Image data sits in an inline_data block with mime_type and data fields. The overall structure uses contents (not messages) with parts (not content). The nesting is the most common source of 400 errors with Gemini.
GEMINI_KEY = os.environ.get("GEMINI_API_KEY")
def ask_gemini_vision(image_path, prompt):
"""Send an image + text to Gemini. Return the response."""
img_b64, mime = encode_file_to_base64(image_path)
url = (
"https://generativelanguage.googleapis.com/v1beta/"
f"models/gemini-2.5-flash:generateContent?key={GEMINI_KEY}"
)
payload = {
"contents": [{
"parts": [
{"inline_data": {"mime_type": mime, "data": img_b64}},
{"text": prompt}
]
}]
}
resp = requests.post(url, json=payload)
resp.raise_for_status()
return resp.json()["candidates"][0]["content"]["parts"][0]["text"]
result = ask_gemini_vision(
"test_photo.jpg",
"Describe this image in one sentence. Classify it as: "
"photo, chart, diagram, screenshot, document, or receipt."
)
print(result)
Three providers, three JSON formats, three response paths. But the core idea is identical every time.
Comparing Vision Capabilities Across Providers
Before we dive into real tasks, here’s a quick-reference table. The payload formats are different, but the pattern is always the same: base64 image + text prompt in, text response out.

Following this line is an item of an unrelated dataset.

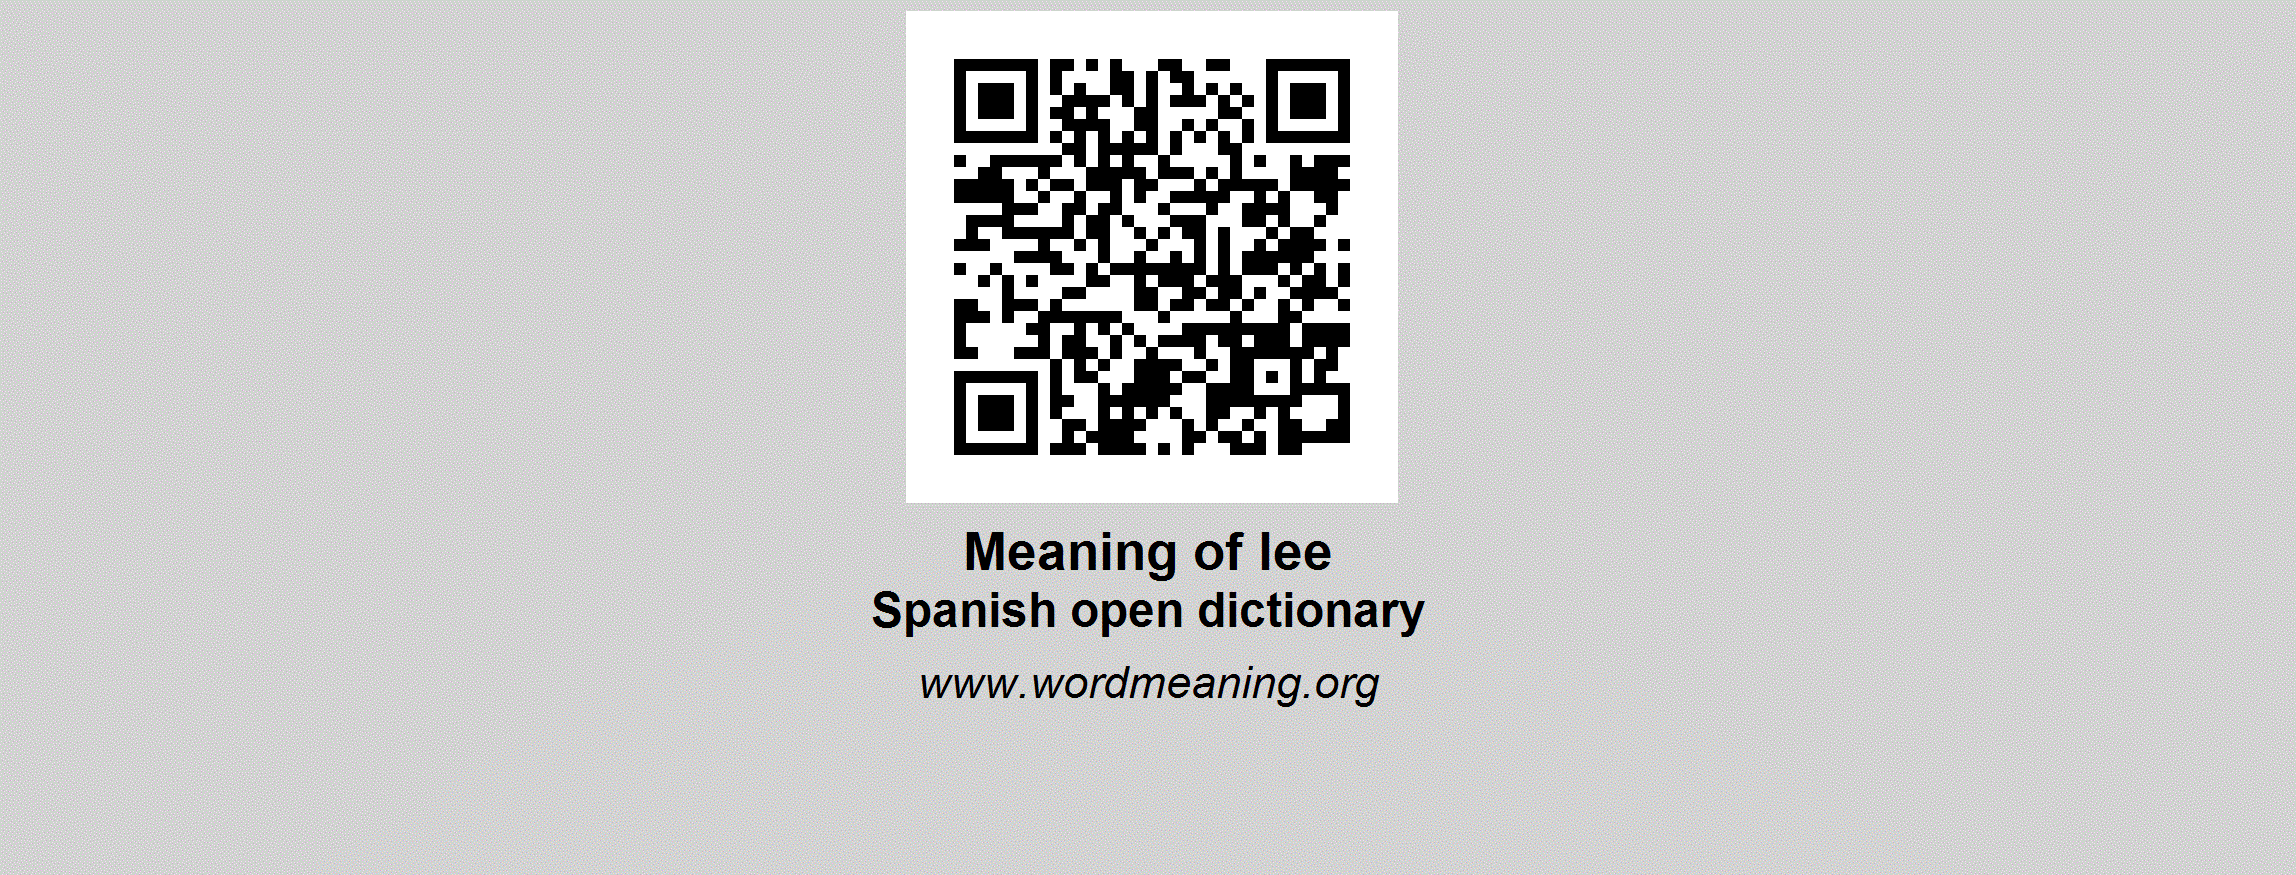 LEE - Spanish open dictionary

| Element | OpenAI (GPT-4o) | Anthropic (Claude) | Google (Gemini) |
|---|---|---|---|
| Endpoint | /v1/chat/completions |
/v1/messages |
/v1beta/models/{model}:generateContent |
| Auth | Bearer <key> header |
x-api-key header + version |
?key=<key> query param |
| Image block | image_url.url: "data:...;base64,..." |
image.source: {type: "base64", data: ...} |
inline_data: {mime_type: ..., data: ...} |
| Response path | choices[0].message.content |
content[0].text |
candidates[0].content.parts[0].text |
And here’s how they compare on real tasks:
| Task | Best Provider | Why |
|---|---|---|
| General image description | GPT-4o | Most detailed, natural phrasing |
| Chart/graph data extraction | Claude | Most accurate number reading |
| Receipt/document OCR | Claude | Best structured JSON from documents |
| Audio transcription | Gemini | Only provider with native audio |
| Speed | Gemini Flash | Consistently fastest |
| Cost per image call | Gemini Flash | ~$0.002 per image |
KEY INSIGHT: All three vision APIs use the same pattern: base64-encoded image bytes inside a JSON message alongside text. The difference is just field names and nesting. Once you understand one, the others take 10 minutes to adapt.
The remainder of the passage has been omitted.